Plenary Speakers

Alan Frieze

Department of Mathematical Sciences, Carnegie Mellon University

  • Title: Geometric Models of Real World Networks

  • Abstract: We discuss some models of real world networks that incorporate some geometric notions. In particular we will discuss (i) a geometric preferential attachment mode, (ii) the SPA model, (iii) random Apollonium networks, (iv) a model related to the SPA model (due to Ravi Kannan) and (v) Geometric Protean Graphs.

  • Bio: Professor in the Mathematical Sciences Department at Carnegie Mellon University. His research interests lie in Combinatorics, Discrete Optimization and Theoretical Computer Science, focusing on the probabilistic aspects of these areas. In 1991, he received the Fulkerson Prize in Discrete Mathematics awarded by the Americam Mathematical Society and the Mathematical Programming Society. In 1997, he was a Guggenheim Fellow. In 2000, he received the IBM Faculty Partnership Award. In 2006, he jointly received (with Michael Krivelevich) the Professor Pazy Memorial Research Award from the United States-Israel Binational Science Foundation. In 2011, he was selected as a SIAM Fellow and in 2013 he was selected as an AMS Fellow. He has published more than 300 research papers (cited more than 6000 times by more than 5000 authors, see more details).

  • Web page:http://www.math.cmu.edu/~af1p/

Jukka-Pekka Onnela

Department of Biostatistics, Harvard University

  • Title: Combining big data and small models to study networked social systems

  • Abstract: The ubiquity and sophistication of digital sensors and online platforms provide unprecedented opportunities to observe and instrument human behavior. We can now relatively easily collect data on individual-level behaviors and on interactions involving many individuals. I will talk about our work that has been driven by the availability of these types of empirical datasets, and how they have enabled us to develop simple models that help bridge individual behavior and collective outcomes.

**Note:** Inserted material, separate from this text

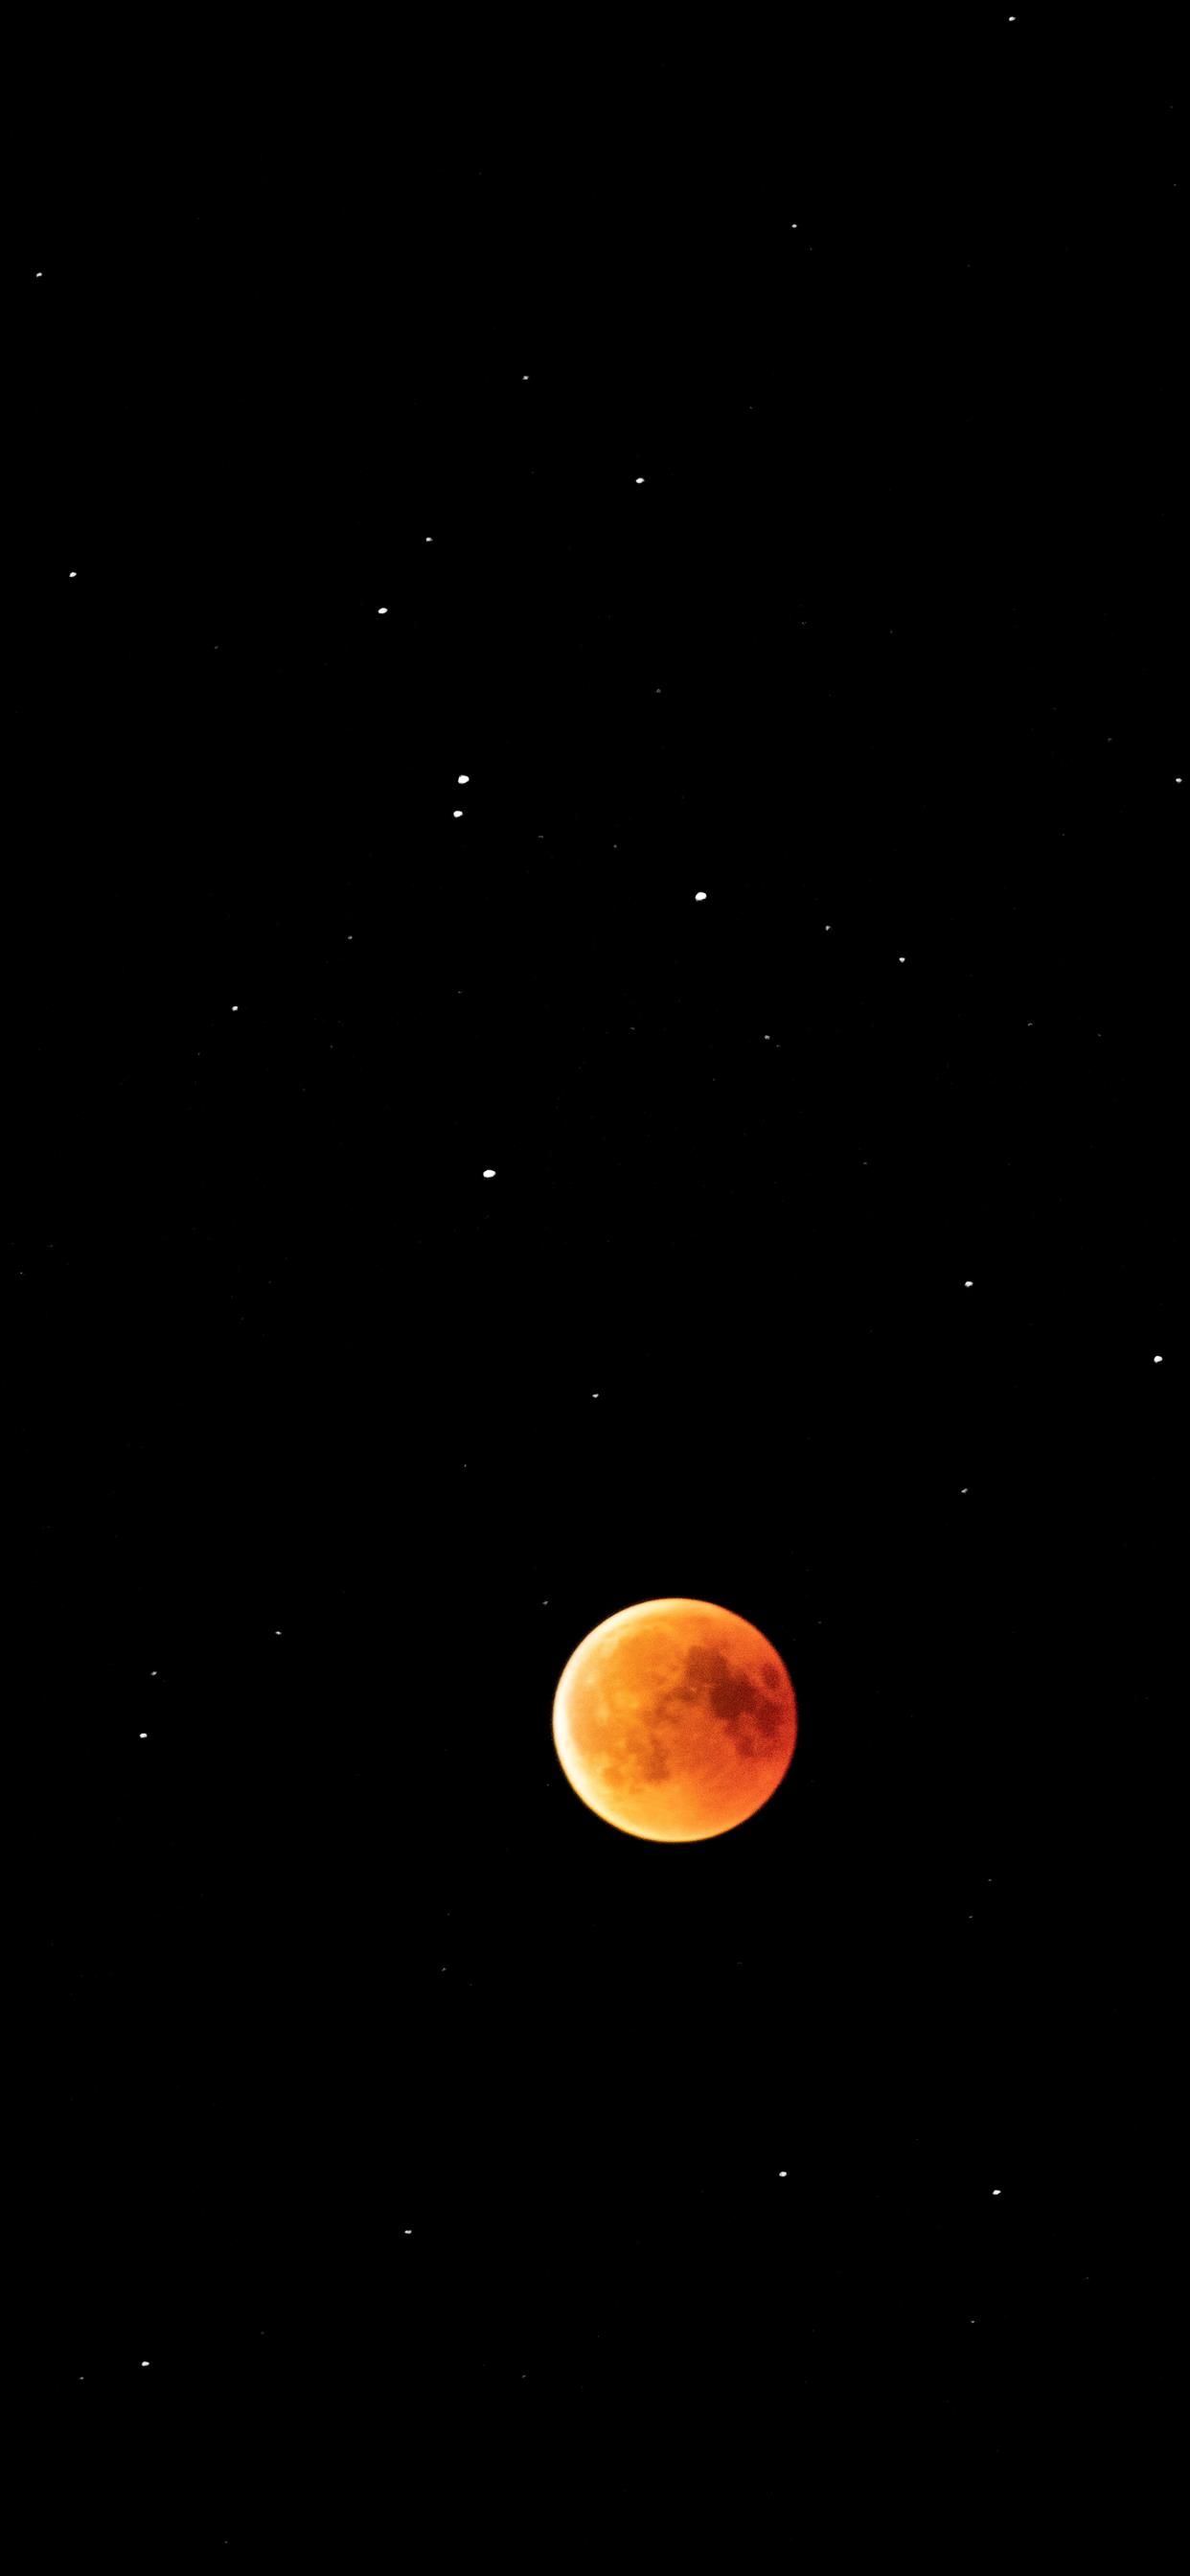 Lunar eclipse within the stars iPhone Wallpaper Free Download

  • Bio: JP Onnela is an Assistant Professor in the Department of Biostatistics at the Harvard School of Public Health. He is interested in a broad range of theoretical and applied problems in network science. His current research focuses on statistical and mathematical analysis and modeling of social and biological networks and their connection to human health; development of metrics and methods for network analysis; and online social systems and social media. Before joining Biostatistics, he spent two years as a Postdoctoral Fellow at Harvard Medical School and before that one year as a Fulbright Visiting Scholar at the Harvard Kennedy School. He held a Junior Research Fellowship at Oxford University from 2006 to 2008 after obtaining his doctorate at the Helsinki University of Technology in 2006.